Family law leans heavily on the concept of parental rights, which include a parent’s rights to make decisions about a child’s education, healthcare, and upbringing, as well as the right to make major decisions on behalf of a child. However, parental rights also come with significant responsibilities. A parent must provide basic necessities such as food, clothing, and shelter, but must also arrange child support, healthcare, and other similar needs. In some cases, a parent may decide to voluntarily relinquish his or her parental rights.
The court will often consider a parent’s request to voluntarily terminate his or her parental rights if another individual is willing to step in and care for the child, as in the case of adoption.
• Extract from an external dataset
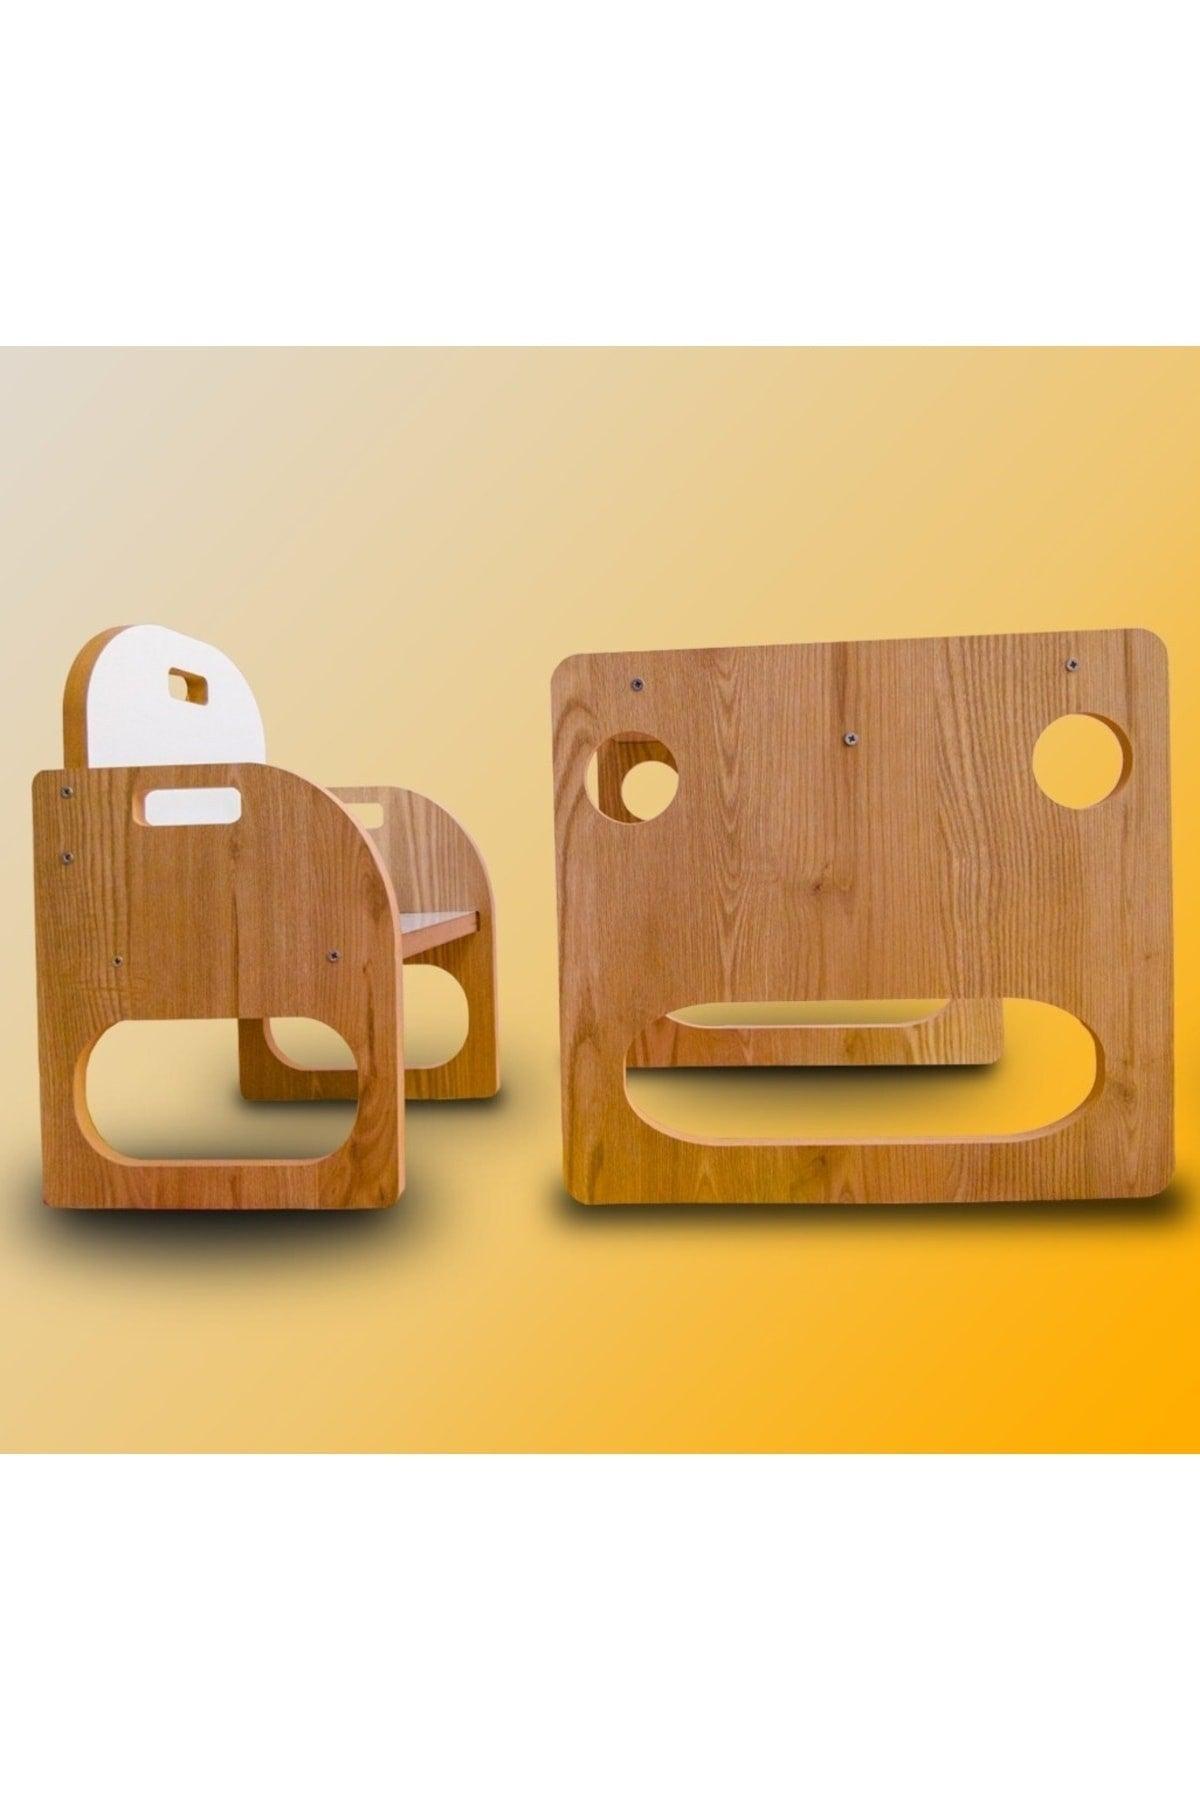 Customizable Kids Table And Chair Set /event Table / Wooden Kids Furniture - Swordslife

If a child’s parent remarries a new spouse who is willing to assume legal custody and parental rights of the child, the other parent may voluntarily terminate his or her rights to allow for the adoption to take place. Some of the most common reasons for a person to voluntarily terminate his or her parental rights include:
Making way for an adoption.
Long-term mental illness or mental deficiency of the parent.
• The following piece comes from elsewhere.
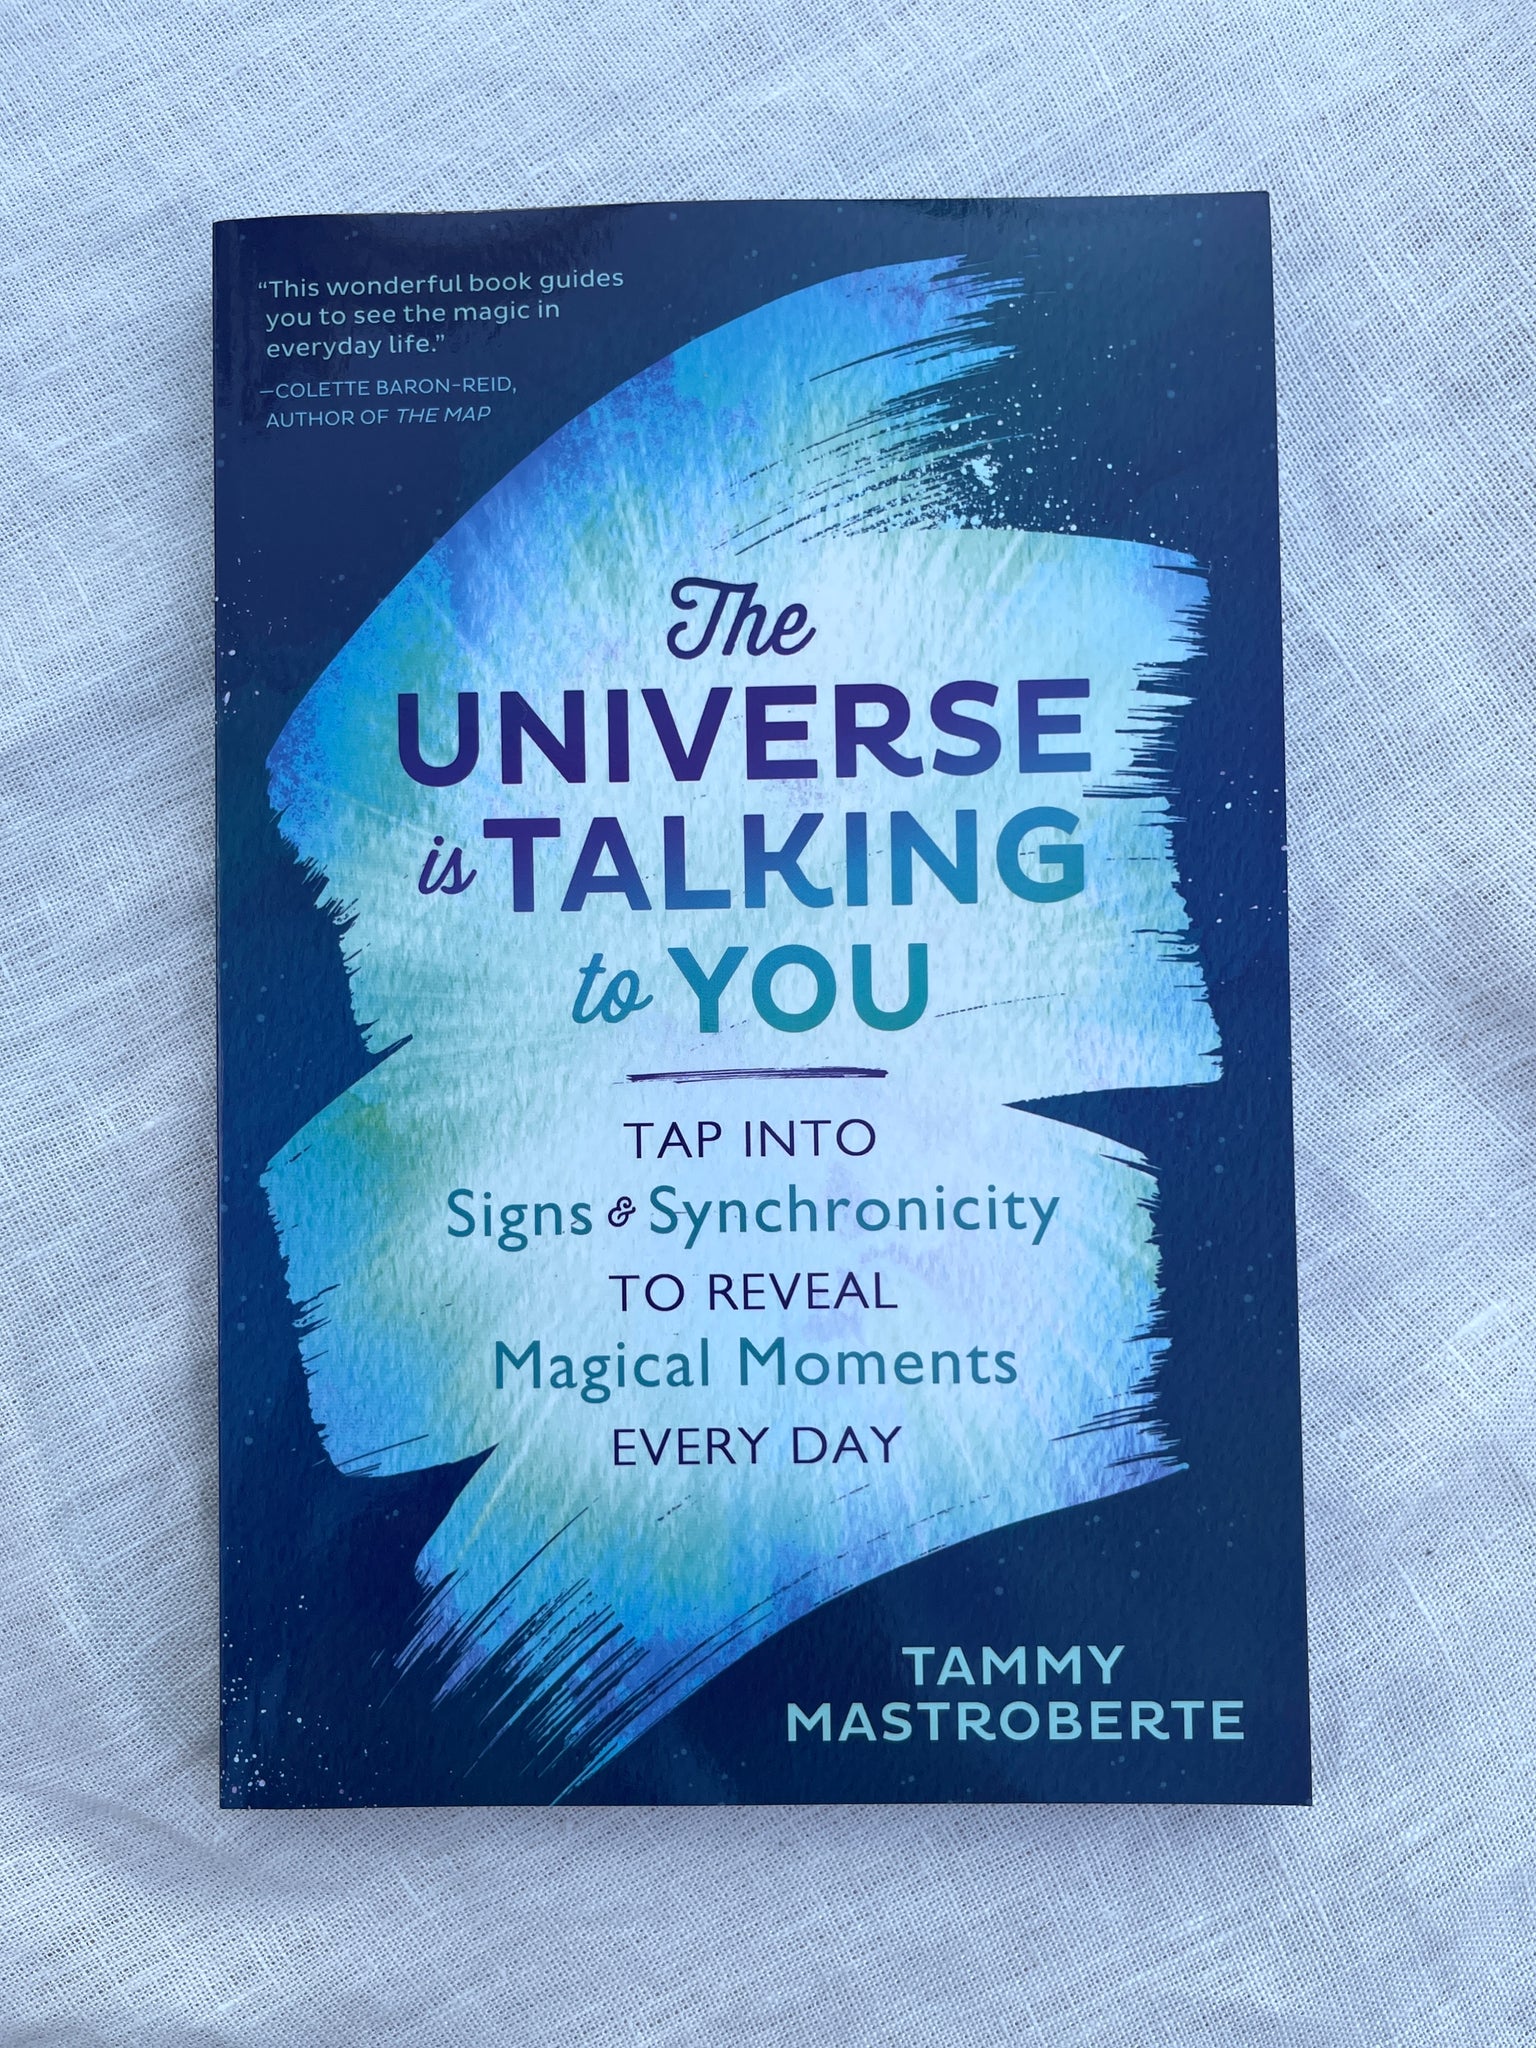 The Universe is Talking to You book tap into signs and syncronicity to reveal magical moments everyday

Long-term substance abuse of the parent.
Failure to maintain contact with a child.
In these cases, a parent may recognize his or her own inability to care for the child and voluntarily relinquish his or her parental rights. In other cases, the court may revoke an individual’s parental rights for a number of reasons, such as incarceration, a history of sexual abuse, physical abuse, or neglect of children.
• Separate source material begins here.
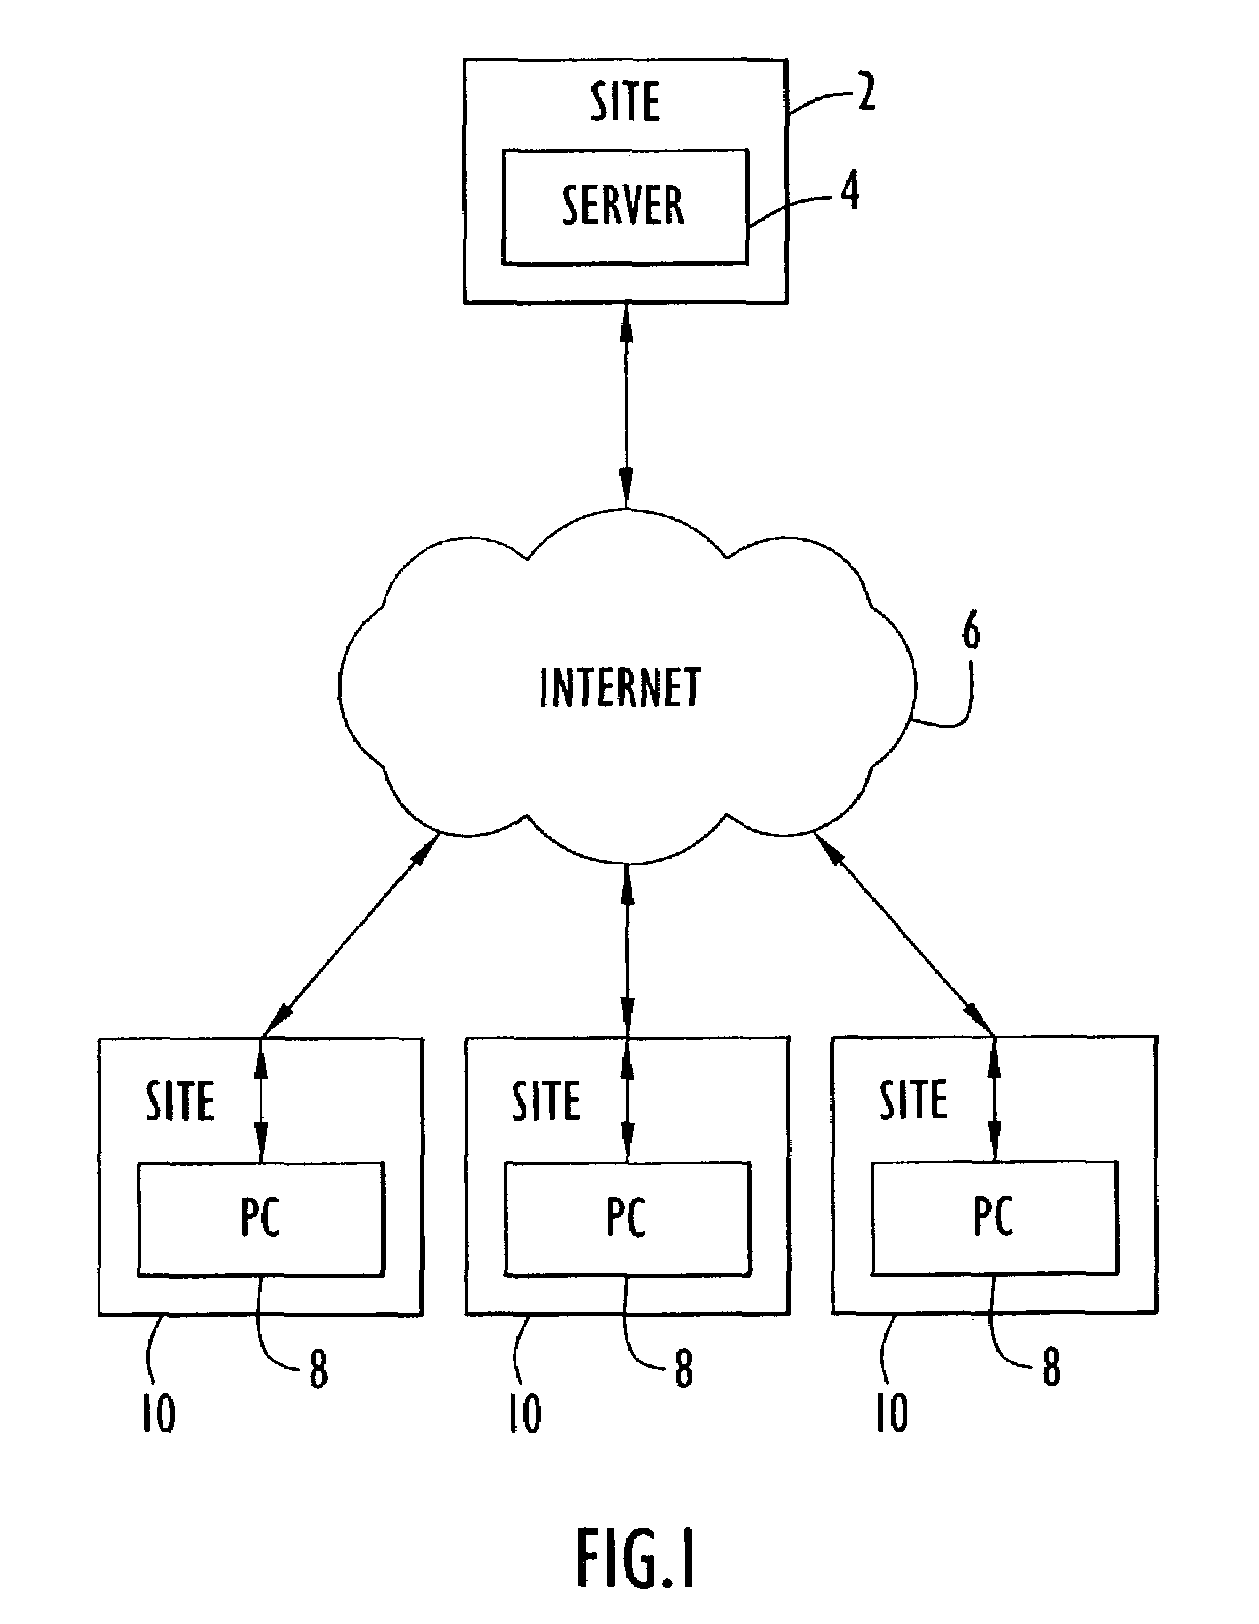 Method and apparatus for screening aspects of vision development and visual processing related to cognitive development and learning on the internet

What Happens If I Give Up My Parental Rights?
If you voluntarily terminate your parental rights, you won’t have any financial obligations to your child anymore, but you will likely also lose the ability to play a role in your child’s life or have any say in major decisions about your child’s upbringing, education, spiritual life, or any similar matters.
It’s very important to take this decision very seriously, as it is very difficult to reverse or alter. In some cases, you and your ex-spouse may be able to devise a mutually agreeable solution that allows for visitation, but this will only be an option if your ex-spouse is agreeable to the idea after you voluntarily terminate your parental rights.
It’s also important to remember that you have no guarantee of approval with a request to terminate your parental rights. The court’s primary focus is the best interests of the child. If your ex-spouse does not wish to have a role in your child’s life but you cannot afford to support your child on your own, the court may decide that what is expedient for the parents is not in the child’s best interests. There must be good cause for a parent to voluntarily terminate his or her parental rights. Simply not wishing to be a parent is not good enough. A judge will also refuse to grant a termination of parental rights simply so you don’t have to pay child support.
In adoptions, birth parents voluntarily give up parental rights to the adoptive parents. However, if a birth parent does so under coercion or duress and does not truly wish to give up a child, he or she can sometimes secure a reversal through the family law system. The parent arguing for reversal and reinstatement of parental rights will need to provide evidence that the termination occurred under coercion or duress.
Ultimately, when it comes to voluntary termination of parental rights or reinstatement of involuntarily terminated parental rights, the court will decide with the child’s best interests in mind. Just remember that if you file for termination of your parental rights voluntarily, it is very difficult to reverse such a decision, and you may be giving up any chance of having a relationship with your child.